According to 451 Research, overall pricing for cloud storage will continue to fall as providers shift the competitive playing field from virtual machines to object storage. Over the past year, object pricing has dropped by 14 percent compared to a 5 percent cut in VM costs. The trend is being driven by a number of factors, including the increased prevalence of cloud-native storage solutions and the fact that object storage itself is quickly emerging as a mainstream enterprise option. As well, top cloud providers are keen on maintaining competitive advantages in both compute and storage, and are likely to take the pricing war to relational database services next.https://o1.qnsr.com/log/p.gif?;n=203;c=204663295;s=11915;x=7936;f=201904081034270;u=j;z=TIMESTAMP;a=20410779;e=i
Data migration to the cloud continues to center largely on storage-related applications like disaster recovery and archiving, according to recent research by backup specialist Zetta. In a survey of 385 IT professionals, DR came in as the number one application for 36 percent of respondents, while file sharing, backup and general storage were in a statistical dead heat for second at around 30 percent. And while lower cost is still the most common reason for employing cloud storage, other factors like speed and management simplicity are emerging as key factors as well.

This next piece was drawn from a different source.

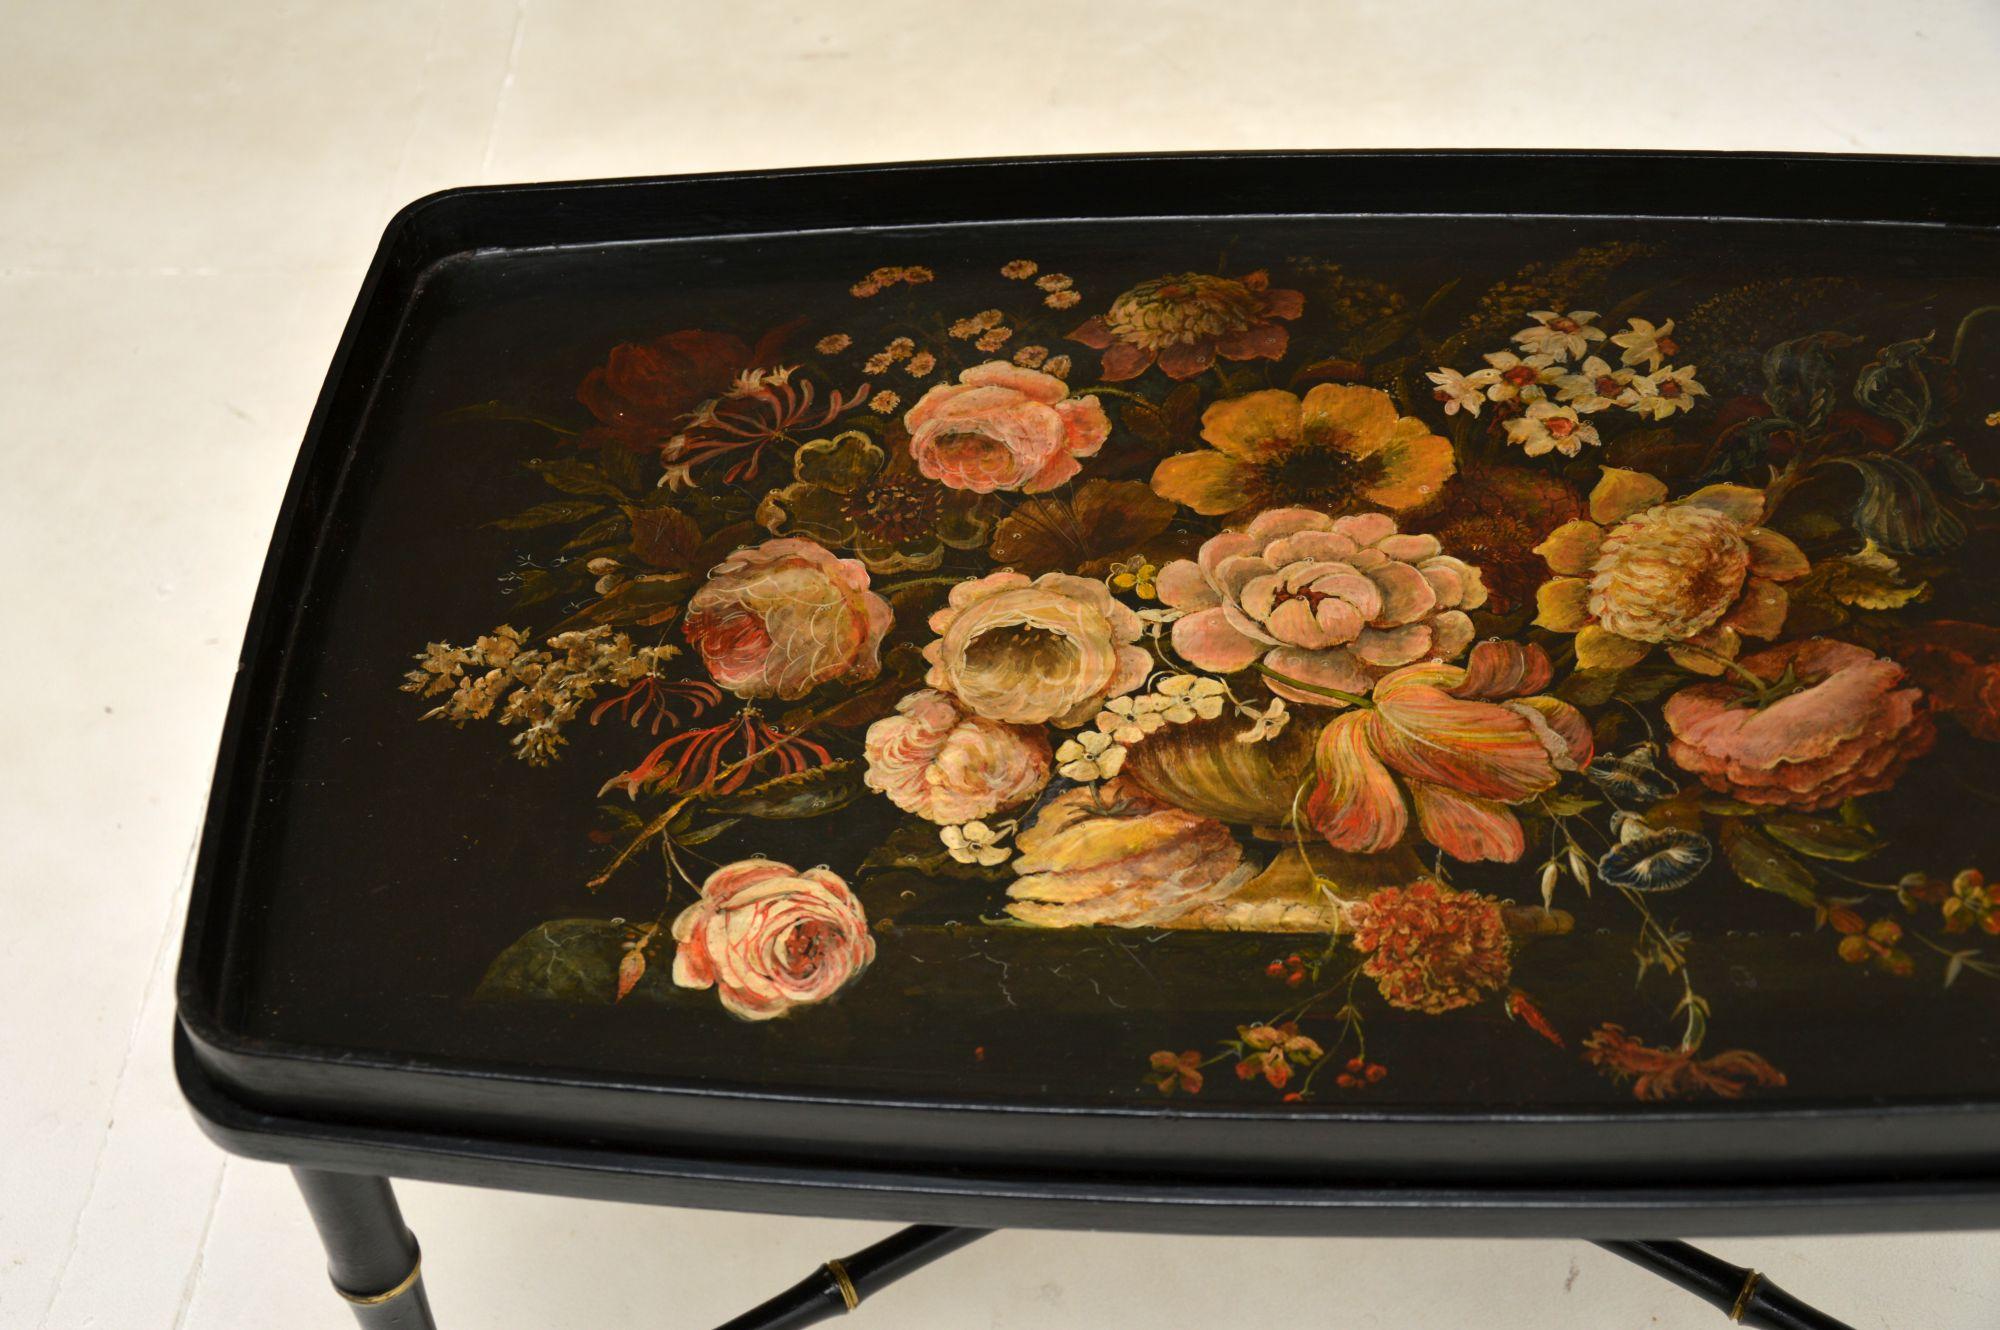 Wood Antique Regency Style Lacquered Tray Top Coffee Table For Sale

Cloud storage is also making its way onto leading enterprise systems and platforms, offering users an integrated solution combining low costs, high scale and broad data availability. Oracle recently linked its own storage cloud to the ZFS Storage Appliance, giving organizations a way to converge on-premises and cloud-facing data without expensive gateways or cloud-access licenses. In this way, users pay pennies per GB per month for inbound and outbound data movement while gaining advanced features like intelligent automation, all-Flash storage pools and cloud-scale data protection.
Recent developments are also making it easier for the enterprise to establish integrated storage solutions across multiple third-party clouds. Open-source storage management firm NextCloud recently added a blockchain solution from a company called Sia that allows organizations to build encrypted, distributed storage pools using virtually any provider. While blockchain is typically used as an online ledger for digital currency, it also has broad applications in non-financial settings in which data veracity is still a top priority. Sia maintains it can cut cloud storage costs by a factor of 10 compared to leading solutions like Amazon S3.
Clearly, the cloud will prove to be a valuable asset as the enterprise transitions to a digital services model through initiatives like the Internet of Things and Big Data analytics. Even if only a fraction of the data generated in the coming years is worth saving, it still represents a substantial increase in volume that can only be realistically accommodated by low-cost, cloud-based solutions.
But it’s important to note that storing data is only part of the equation. Enterprises will also need increasingly sophisticated means of locating, transferring and sharing all of this information.
Even in the cloud, there is a great discrepancy between the value of data at rest and data in motion.
Arthur Cole writes about infrastructure for IT Business Edge. Cole has been covering the high-tech media and computing industries for more than 20 years, having served as editor of TV Technology, Video Technology News, Internet News and Multimedia Weekly. His contributions have appeared in Communications Today and Enterprise Networking Planet and as web content for numerous high-tech clients like TwinStrata and Carpathia. Follow Art on Twitter @acole602.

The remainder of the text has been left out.